**WHAT THIS TASK INVOLVES:**
Exact copy, no pictures: output each line below as it stands.

---- COLLECTED MATERIAL

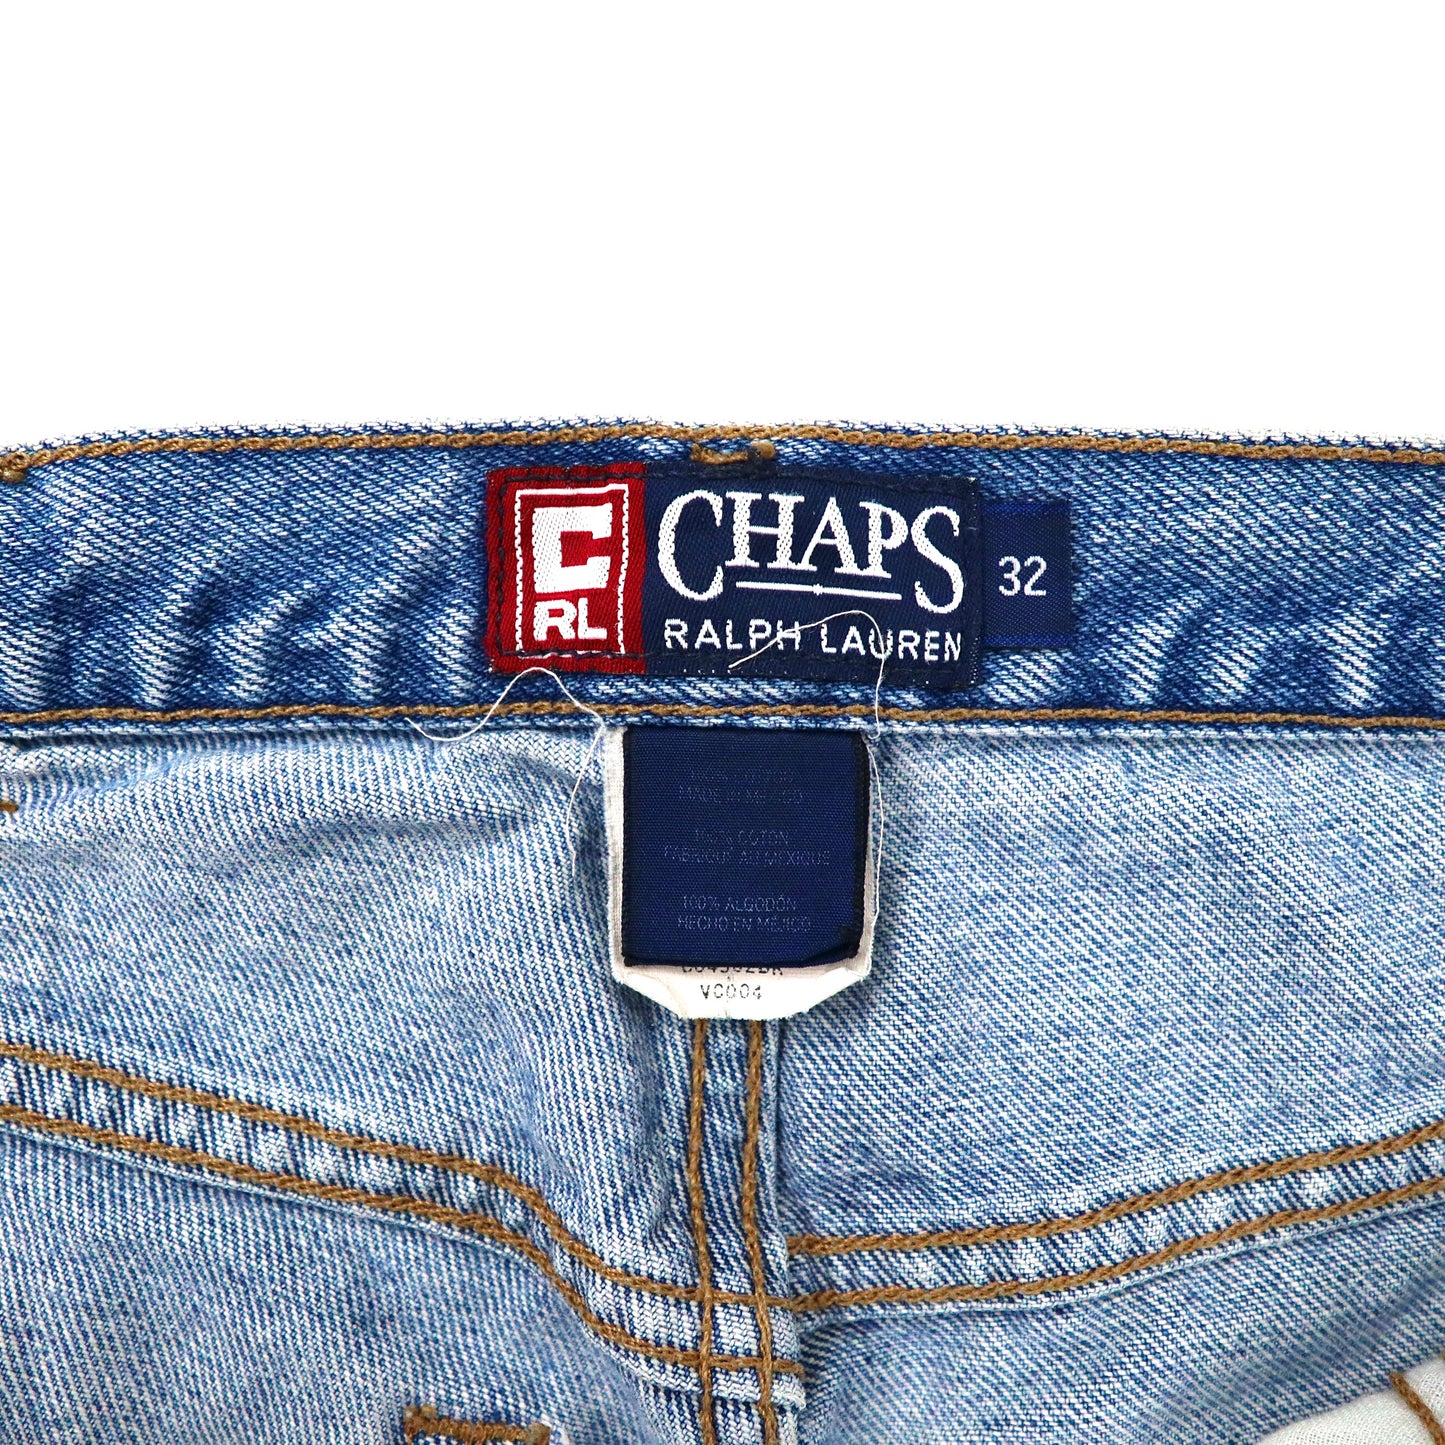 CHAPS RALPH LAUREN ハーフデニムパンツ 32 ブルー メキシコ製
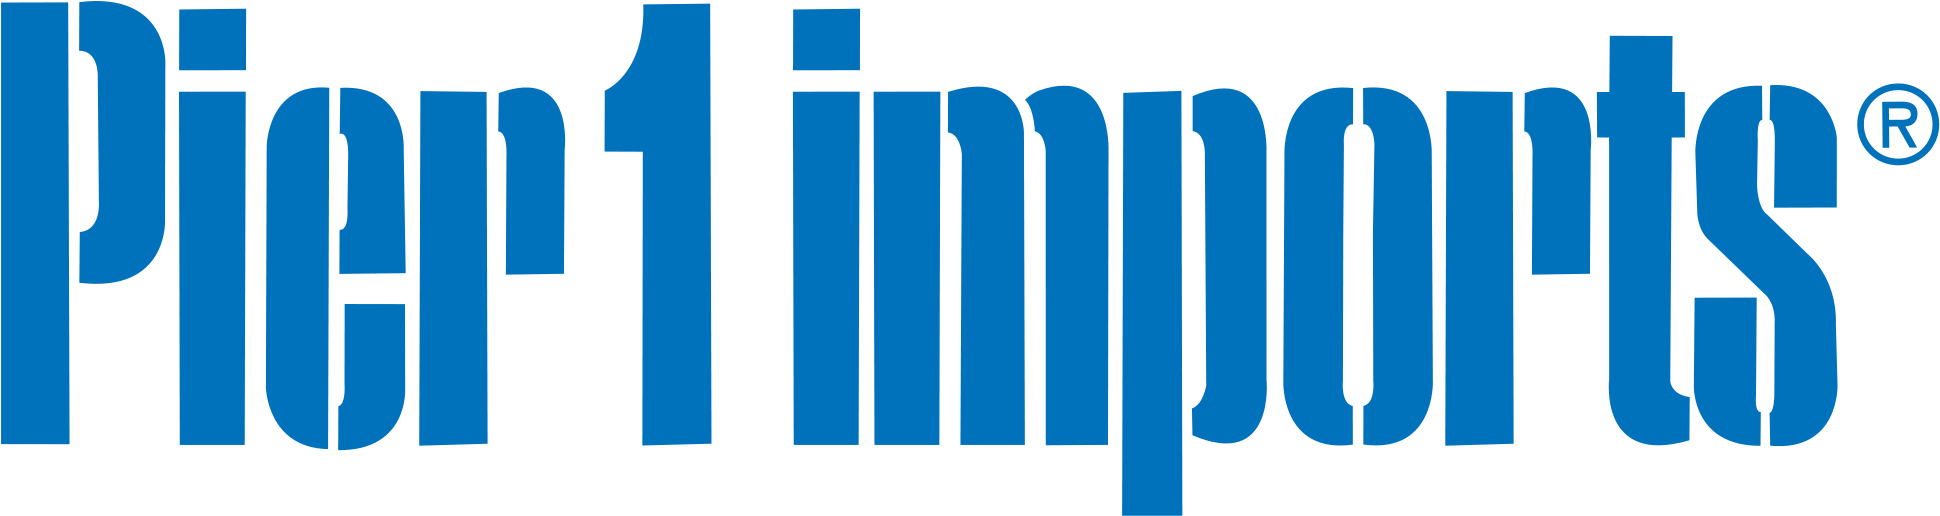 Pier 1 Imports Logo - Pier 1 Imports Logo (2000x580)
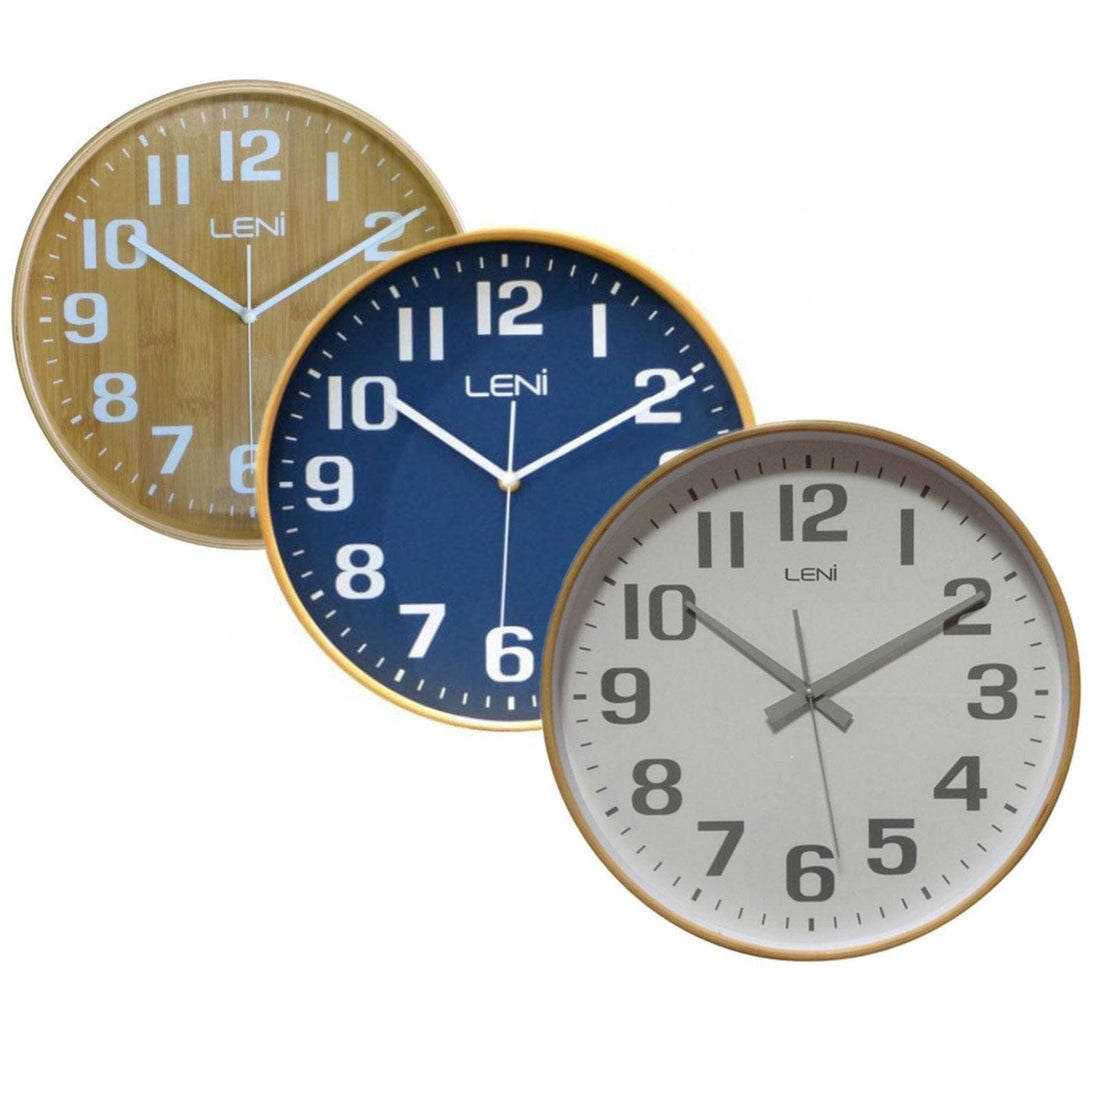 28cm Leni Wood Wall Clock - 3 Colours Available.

--------

**RESPONSE TO THIS TASK:**
 CHAPS RALPH LAUREN ハーフデニムパンツ 32 ブルー メキシコ製
 Pier 1 Imports Logo - Pier 1 Imports Logo (2000x580)
 28cm Leni Wood Wall Clock - 3 Colours Available.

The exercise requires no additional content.